To find real solutions of
$\left(\frac{9}{10}\right)^x = -3 + x -x^2$
I differentiate it to get
$\left(\frac {9}{10}\right)^x log(\frac{9}{10})-1 + 2x=0 $
As x goes to $+\infty$ this goes to $+\infty$ and as $x$ goes to $-\infty$ it goes to $-\infty$. So real root should be 1. But i am not sure whether it has more than 1.
Thanks
The function $-3+x-x^2$ is always negative, so there are no solutions.
Beside pre-kidney's answer which is clear, considering the function $$f(x)=\left(\frac{9}{10}\right)^x +3 -x+x^2$$ you properly obtained for the derivative $$f'(x)=\left(\frac {9}{10}\right)^x \log(\frac{9}{10})-1 + 2x$$ I shall add that $$f''(x)=\left(\frac{9}{10}\right)^x \log ^2\left(\frac{10}{9}\right)+2 $$ which is always positive.
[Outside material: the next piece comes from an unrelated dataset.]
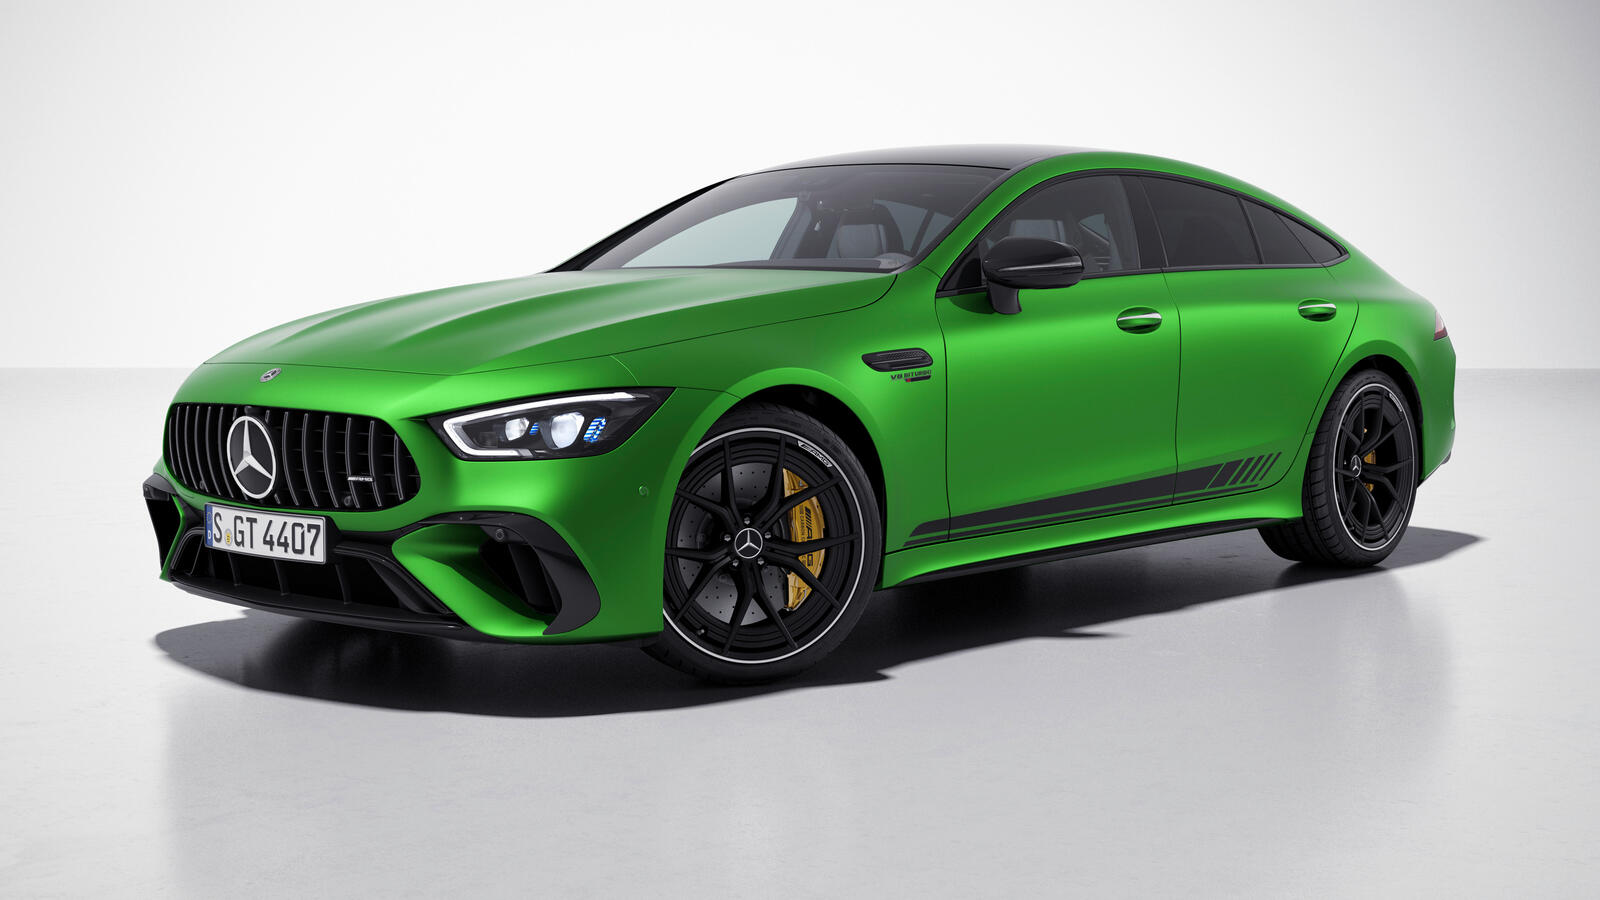 Free photo Bright green Mercedes-AMG GT 4-Door Coupe on white background

The derivative cancels close to $x=0.450$ but, for this value, $f(x)=3.706$ and $f''(x)=2.010$. SO, the function just goes through this minimum point.
Edit
You probably noticed that $f(x)$ looks more or less like a parabola. Just for fun, let us build the Taylor series around $x=0$. We obtain $$f(x)=4- \left(1+\log \left(\frac{10}{9}\right)\right)x+ \left(1+\frac{1}{2} \log ^2\left(\frac{10}{9}\right)\right)x^2+O\left(x^3\right)$$ Plot the function and this approximation for $-10\leq x \leq 10$; you will be amazed to see how close they are.